The parley turned out not to be live and face-to-face at all, but done over real-time tri-vid link—neither commander, it seemed, was willing to leave her own territory, and the streets of the city did not offer much in the way of open neutral ground. Despite Anastasia’s impatience, the setup took time. The Steel Wolf technicians set up their tri-vid cameras and sound equipment in her field headquarters out on the DropPort landing field, with a full-size display unit that looked too big to have come with the DropShips at all—Murchison suspected that the techs had appropriated it from one of the passenger waiting lounges in the captured DropPort concourse.

Finally, the prep work was finished. Anastasia Kerensky took her position standing on an X that the Steel Wolf technicians had marked on the landing field tarmac, with Murchison standing a little behind her and to the right.

The Steel Wolf technician in charge said something in a low tone over her headset voice pickup—presumably to her Highlander opposite number—and then, more loudly, “On the air in three. Three… two… one… time.”

The display unit clouded, swirled, and cleared to show the Countess of Northwind and another officer—some kind of aide, Murchison supposed—standing in an impressive stone-and-wood great hall that matched pictures Murchison had seen of the Fort at Tara.
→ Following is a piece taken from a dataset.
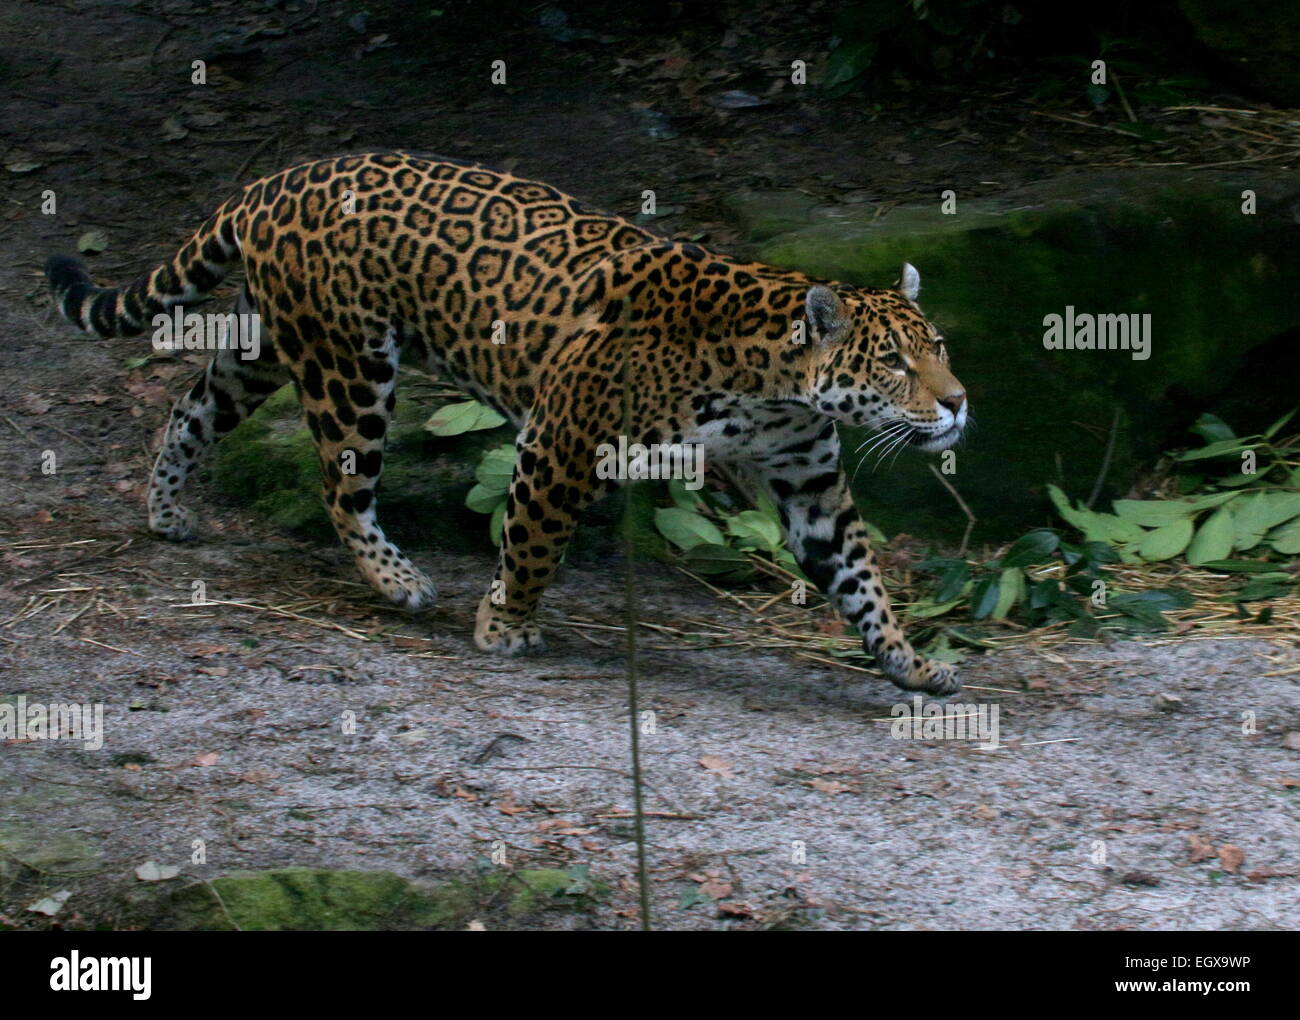 Female South American  Jaguar (Panthera onca) on the prowl, walking past Stock Photo

The Steel Wolf tech fiddled with her controls and brought the image up closer, until Anastasia and the Countess might have been standing only feet apart.

Anastasia Kerensky said, “Countess.”

“Galaxy Commander.” Tara Campbell’s voice and expression gave away nothing; Murchison couldn’t tell from her demeanor whether the day was going well or ill for the Highlanders in the city.

“You called for this parley. Say what you have to say—we waste time, otherwise.”

At this, Tara Campbell gave a grim smile. “I wasn’t born yesterday, Galaxy Commander. Your troops will appreciate the breathing space as much as mine. And we can always go back to killing each other when we’re done.” She seemed at this point to notice Ian Murchison for the first time, and spoke to him directly. “You’re no Steel Wolf, man—not with that Northwind face on you. What’s your name?”